Our system has a lot of potential advantages, not least of which is the likely species portability of the approach due to the ubiquity of haploinsufficiency of ribosomal proteins across species. The Akbari et al. 2013 approach depends on careful control of expression timing during development, and while it certainly could be ported across species this is likely to be more difficult. However, we seem to have been blackballed. When applying for grant funding to implement this system in mosquitoes I get comments back the reflect some of the hostile reviews we received earlier (that this system is "fanciful" and cannot work in the wild, etc.). I have seen presentations where Akbari et al. 2013 is credited with the first self-limiting gene drive (no, we presented our results in 2010, 2011, we have a patent priority date of 2012). And I see reviews where our system is described as only proof-of-principle while the Akbari et al. 2013 system is described in contrast as a "fully functional system capable of invading wild populations" (Champer, J., Buchman, A., & Akbari, O. S. (2016). Cheating evolution: engineering gene drives to manipulate the fate of wild populations. Nature Reviews Genetics, 17(3), 146–159. doi:10.1038/nrg.2015.34) ... wild populations of what, Drosophila melanogaster? Transforming D. melanogaster is not useful, being able to transform other species, such as mosquitoes, is what is useful. Furthermore, accidentally transforming the entire Drosophila melanogaster species is dangerous, for reasons that not least of which it is a useful model organism, a human commensal, and because of the potential public backlash this could cause.

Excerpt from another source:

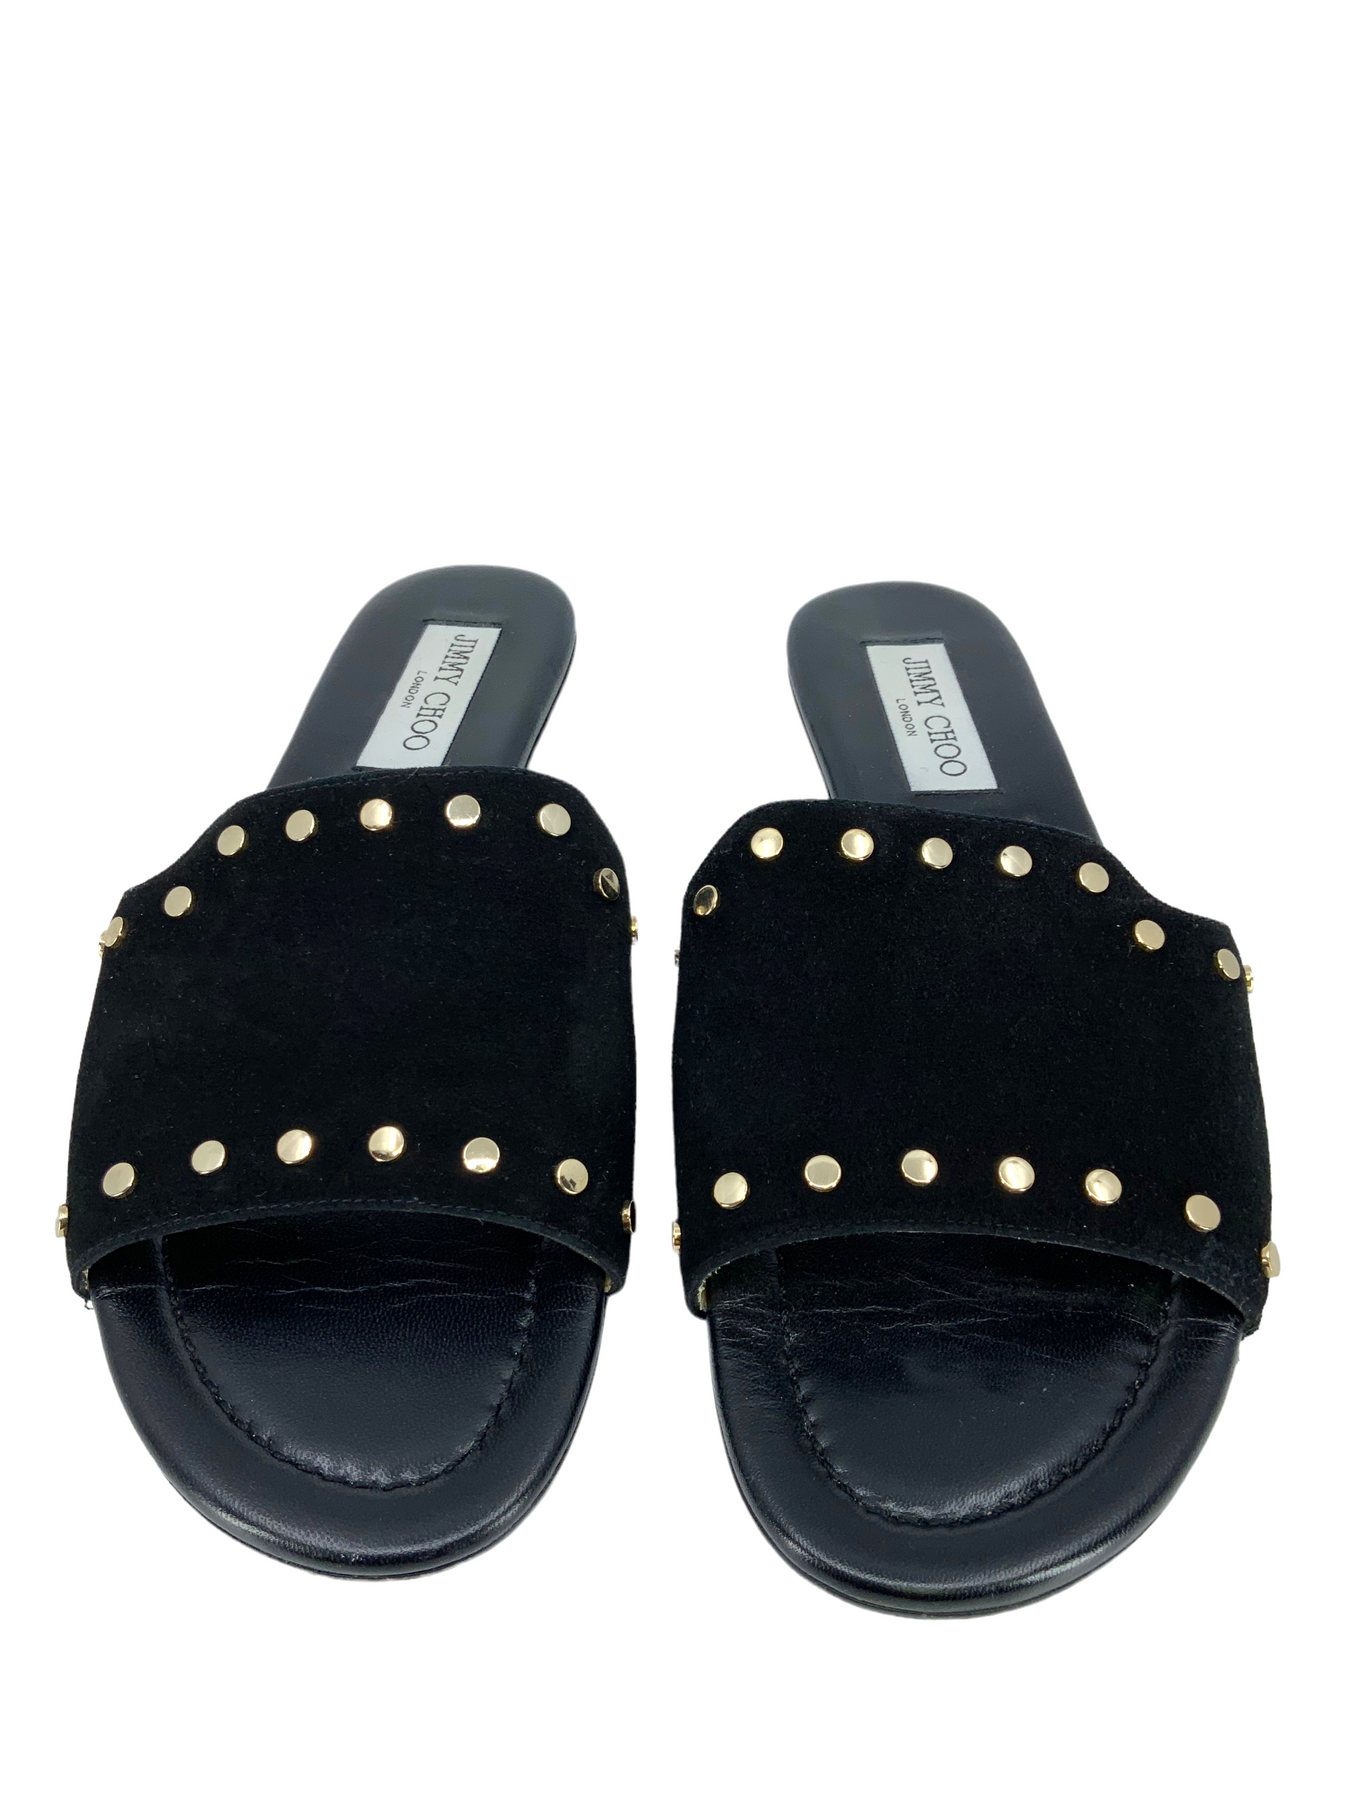 Jimmy Choo Granger Raffia Slide Sandals Size 9

In another publication that was also delayed for years by a hostile reviewer, perhaps even the same person, we recommended combining underdomiannce with gene-drive systems like Medea in order to protect laboratory model organisms from unintended species-wide genetic modifications (Gokhale et al. 2014, http://bmcevolbiol.biomedcentral.com/articles/10.1186/1471-2148-14-98). The point I am trying to make is that being thoughtful and safely designing gene-drive systems, with safety checks and fail-safes in place, should be encouraged rather than discouraged within the scientific community. Unfortunately, in my experience the opposite seems to be true.